Prerequisites: Familiarity with web programming, JSON, REST APIs, the Linux command line, and potentially ElasticSearch.
Supervisor: Shaohua Wang
Email: shaohua.wang@njit.edu
Description: Improving software quality and reliability is a never-ending demand. Several approaches have been introduced to help developers in detecting and fixing software defects to improve software quality, ranging from static approaches (e.g., program analysis, bug detection, bug prediction, model checking, validation and verification, software mining, etc.) to dynamic approaches (e.g., testing, debugging, fault localization, etc.). Our current research is working on combining cutting-edge AI-based models and program analysis techniques to improve the detection of source code defects and vulnerabilities and automatically fix them. Our recent studies have shown than our AI-based detection and auto-fix approaches can significantly outperform all of the state-of-the-art techniques on the market. In this project, students will be able to touch the following topics, but not limited to, (1) Program Analysis (e.g., code modeling and transformation); (2) Complex Networks for modeling software systems; (3) AI (especially deep learning neural networks); and (4) Software Engineering/Analytics (e.g., data mining and big data in SE, bug tracking systems).
Prerequisites: Knowing Python is a must and other program skills are highly appreciated. Having software development and AI experience is a plus.
Email: bader@njit.edu
Description: A real-world challenge in data science is to develop interactive methods for quickly analyzing new and novel data sets that are potentially of massive scale. We seek students who wish to design and implement fundamental algorithms for high performance computing (HPC) solutions that enable the interactive large-scale data analysis of massive data sets.
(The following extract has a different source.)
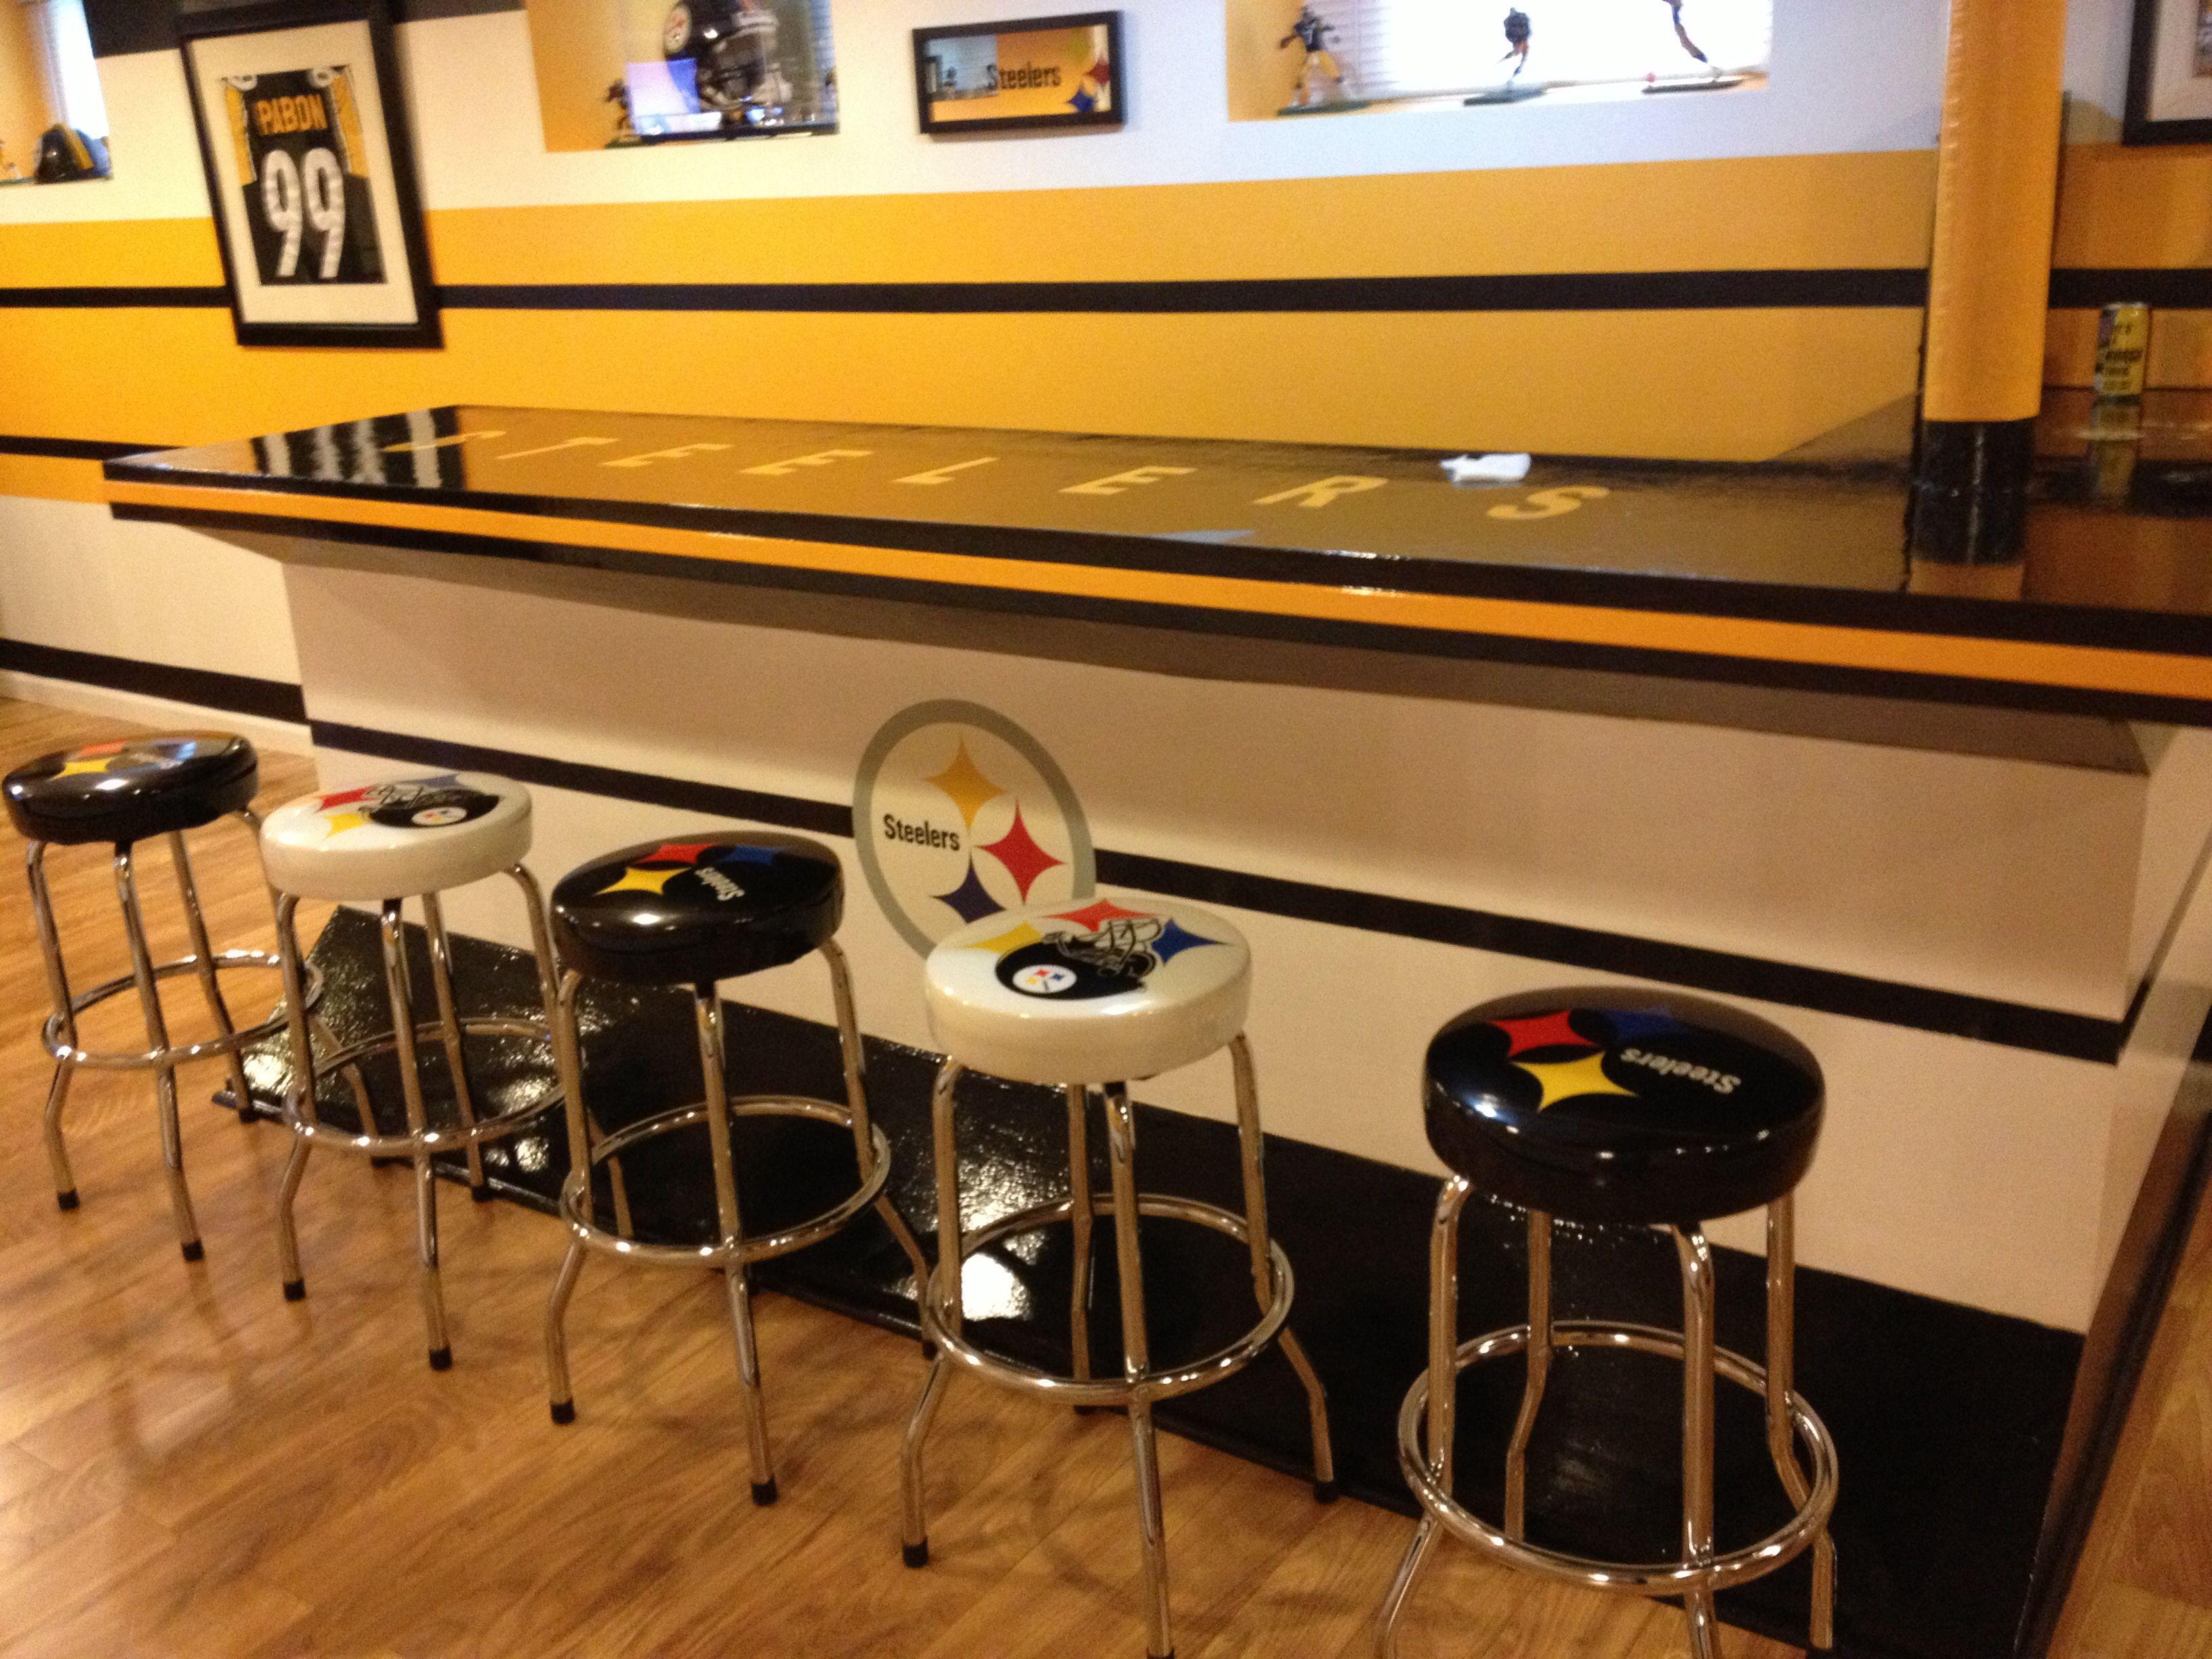 Steelers Bedroom Ideas Our Steelers Man Cave Our Steelers Man Cave

Based on the widely-used data types and structures of strings, sets, matrices and graphs, our methodology will produce efficient and scalable software that will drastically improve the performance on a wide range of real-world queries or directly realize frequent queries. These innovations will allow us to move massive scale data exploration from time-consuming batch processing to interactive analyses that give a data analyst the ability to comprehensively, deeply and efficiently explore the insights and science in real world data sets. The scalability to high performance computing systems and optimal algorithmic selection based on multiple criteria such as time and space complexity will be incorporated into our methodology to address the requirements when exploring large scale data sets. Specifically, we are focusing on these three important data structures for data analytics: 1) suffix array construction, 2) treap construction and 3) distributed memory join algorithms, useful for analyzing large scale strings, implementing random search in large string data sets, and generating new relations, respectively. These fundamental algorithms serve as the cornerstone to support interactive data science at scale. To evaluate and show the effectiveness of the proposed algorithms, these algorithms will be implemented in and contribute to an open source NumPy-like software framework Arkouda that aims to provide productive data discovery tools on massive, dozens-of-terabytes data sets by bringing together the productivity of Python with world-class high performance computing. Together, this work will allow Python-trained programmers to readily use HPC resources, lowering the barrier making data scientists productive at massive scales.
Prerequisites: Strong interest in solving real-world data science problems, and programming in C or C++.